Nine European leaders are shunning a Central European summit hosted by Ukraine this month, adding to international pressure on the former Soviet republic over its treatment of jailed opposition politician Yulia Tymoshenko.
The move, which follows allegations of Tymoshenko's beating in prison, highlights Ukraine's growing isolation and casts doubts on Kiev's plans to improve its image abroad by hosting the European soccer championship next month.
The presidents of Germany, Austria, Italy, Croatia, Estonia, Slovenia, Bulgaria and the Czech Republic have all said they would not attend the May 11-12 gathering in the Black Sea resort of Yalta to be hosted by President Viktor Yanukovich.
European Commission President Jose Manuel Barroso has also said he had no plans to visit Ukraine because of Tymoshenko who says she was jailed on Yanukovich's personal order and fears for her life.
The boycott of the informal summit - which was held in Poland last year and attended by 20 heads of states including U.S. President Barack Obama - risks embarrassing Kiev which says it wants eventually to join the European Union.
It could also be a precursor to an even more painful boycott of the European football championship which Ukraine is co-hosting with Poland next month and which Kiev has hoped would cement its position in the European mainstream.
In Poland, Tymoshenko's case emerged as a domestic political issue on Thursday as the main opposition party urged a boycott of matches held in Ukraine while President Bronislaw Komorowski and Prime Minister Donald Tusk spoke against such steps.
Yet, Tusk warned Ukraine its reputation would "suffer dramatically" if no humanitarian solution were found.
"I have left Ukraine's prime minister and president in no doubt that the (Tymoshenko) case ...is a test of credibility for the present Ukrainian authorities and that the reputation of Ukraine would suffer dramatically if it does not find a solution that we deem civilized before the European championship," Polish Prime Minister Donald Tusk told a news conference.
Tymoshenko, a former prime minister and Yanukovich's main political rival, was sentenced to seven years in prison last October for abuse of office after a trial that the West says was politically motivated.
She is now in a prison in the city of Kharkiv, one of the Euro-2012 venues.
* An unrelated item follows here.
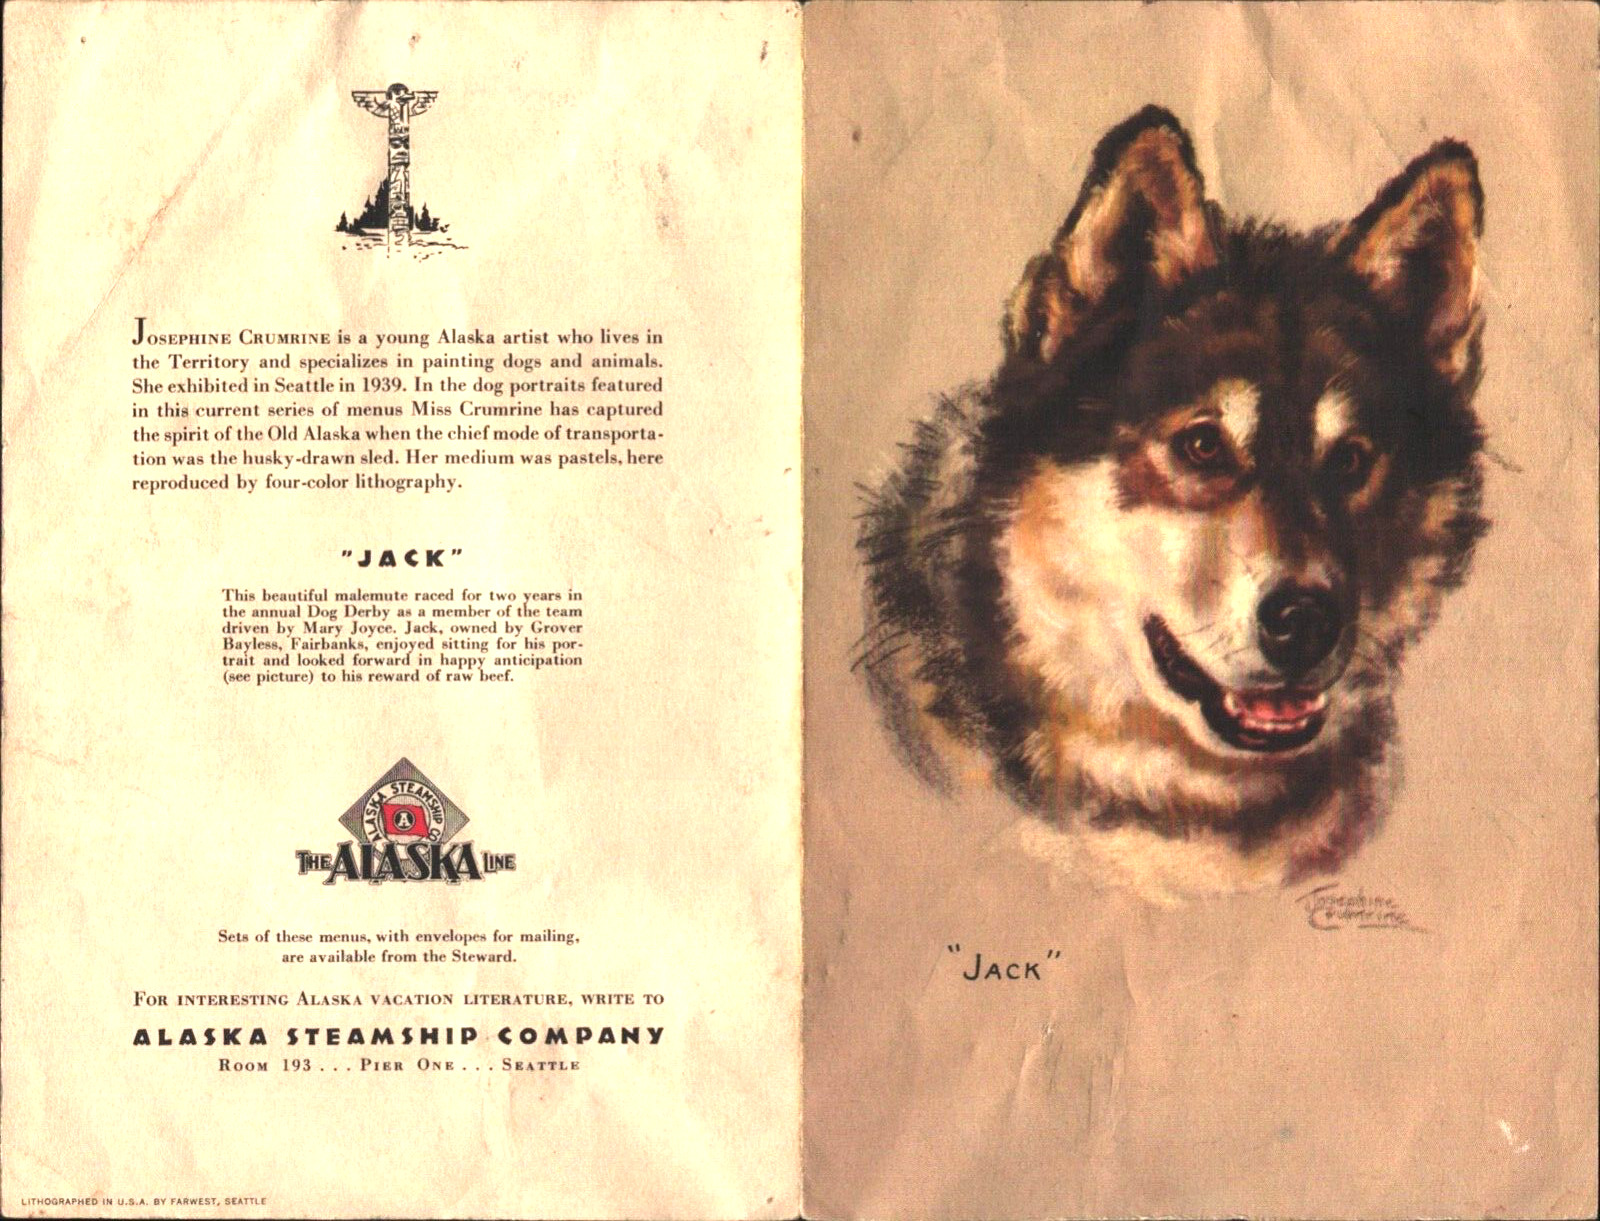 1949 ALASKAN STEAMSHIP COMPANY vintage luncheon menu S.S. DENALI The Alaska Line

She has been on a hunger strike since April 20 in protest at what she said was an assault by prison guards, an allegation denied by the prison administration.
The prime minister of Lithuania, whose president Dalia Grybauskaite has still to decide on whether to attend the Yalta summit, called Tymoshenko's jailing a mistake on Thursday but said European leaders could use the meeting to discuss it.
"Such mistakes by Ukraine government are deplorable, they create many problems on Ukraine's path towards integration into the European Union," Andrius Kubilius told Ziniu radijas radio station in an interview on Thursday.
Matches between 16 European national teams will be held in Ukraine and Poland through June leading up to the final in Kiev on July 1.
WEST'S PLEAS IGNORED
Tymoshenko, 51, was one of the leaders of the 2004 Orange Revolution that derailed Yanukovich's first bid for presidency.
Her family says she is in poor health due to the hunger strike and chronic back pain but Tymoshenko refuses treatment, saying she does not trust state-appointed doctors.
Ukraine's foreign ministry and Yanukovich's office both declined to comment on the Yalta summit boycott on Thursday.
The foreign ministry last month said that five of the non-attending presidents had declined invitations to the Yalta meeting in advance for various reasons.
It has since, however, reacted angrily to news that German Chancellor Angela Merkel would not attend the soccer championship due to Tymoshenko's case, calling the move a return to Cold War tactics.
Ukrainian government and businessmen have invested billions of dollars in preparations for one of the main sports events on the continent - and the biggest one during Yanukovich's current term in office.
But the Kiev government has so far ignored Brussels' calls to free Tymoshenko and state prosecutors have brought to court fresh tax evasion charges against her which carry a sentence of up to 12 years.
The EU has warned Ukraine its members will not ratify milestone bilateral agreements on political association and free trade as long as Tymoshenko remains in prison.
"These (boycott moves) are the first steps towards international isolation, not for Ukraine but for Yanukovich personally," said Kiev-based political analyst Ihor Zhdanov.
"This will go on for as long as Tymoshenko remains in prison. But one must understand that Tymoshenko simply exemplifies all the problems with democracy in Ukraine."
Talks between Berlin and Kiev on arranging her treatment by German doctors have not yet resulted in any concrete agreement.
"Yulia Tymoshenko barely moves but does not plan to stop the hunger strike yet," Tymoshenko's political party Batkivshchyna (Fatherland) quoted her lawyer Serhiy Vlasenko sa saying in a statement on Thursday.